= Kings of the Water =

2009 novel by Mark Behr

First edition (publ. Abacus Books)

Kings of the Water is the third novel from writer Mark Behr, published in November 2009.

==Plot summary==
It is the story of thirty-five-year-old Michiel (Michael) Steyn who returns to the family farm in South Africa for his mother's funeral. This is Steyn's first return to South Africa in fifteen years, after leaving in 1987 to escape from a scandal he was involved in while he was an officer in the South African navy. Steyn is from both Afrikaans and English extraction and is now a US citizen. He lives with his partner Kamil Cassis (who is half Palestinian, half Jewish) on the boundary of San Francisco's Castro district. The book engages specifically South African questions of racism, guilt, responsibility and the tentativeness of forgiveness, but the novel's ending asks for an international reading, in particular through its foreshadowing of US foreign and domestic policy in the era of George W. Bush.

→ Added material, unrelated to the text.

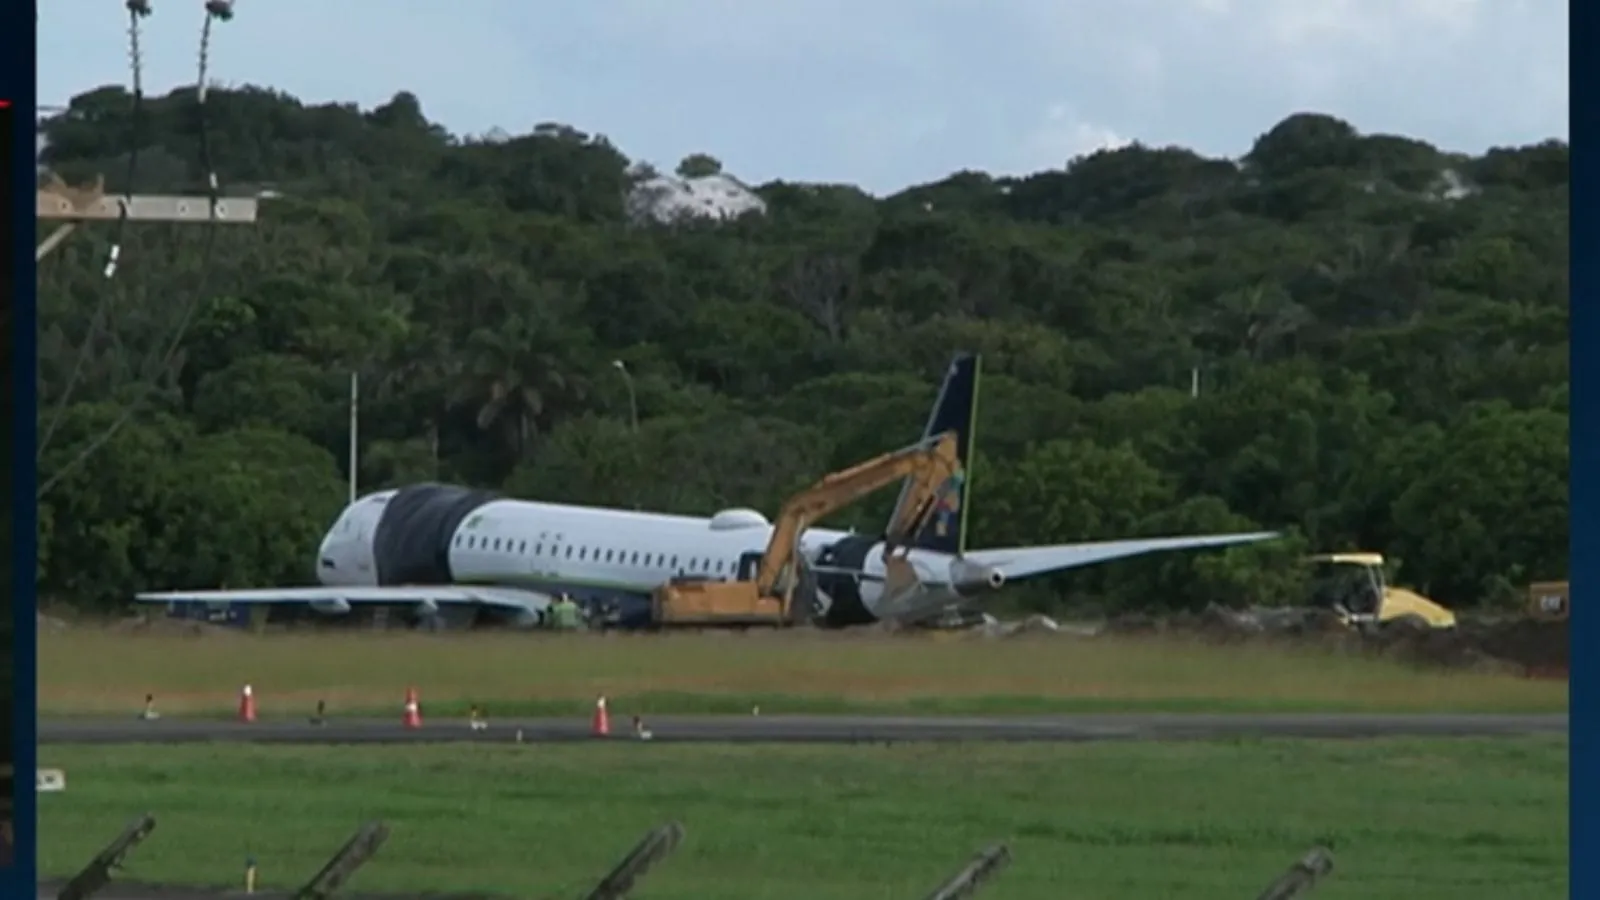 Avião da Azul que saiu da pista em Salvador voltou a operar neste

Kings of the Water also offers a glimpse at an older version of a marginal character from Embrace as well as allusion to the extended fishing scene from The Smell of Apples, in this way seeming to insist that all three of these novels be read and understood in relation to one another.

==Criticism==
Kate Saunders in The Times (November 2009) reviewed it as follows: "Superbly written, thoughtful and unflinching, this terrific novel explores the mentality of the Afrikaner male — with wonderfully poetic use of the Afrikaans language." Novelist Christopher Hope, reviewing for The Guardian (January 2010), noted that the book shared the spirit of Chekhov's The Cherry Orchard and called the novel "one of the most moving to come out of South Africa in many years." Shortly after publication, Kings of the Water was shortlisted for The Commonwealth Book Award, Africa Region.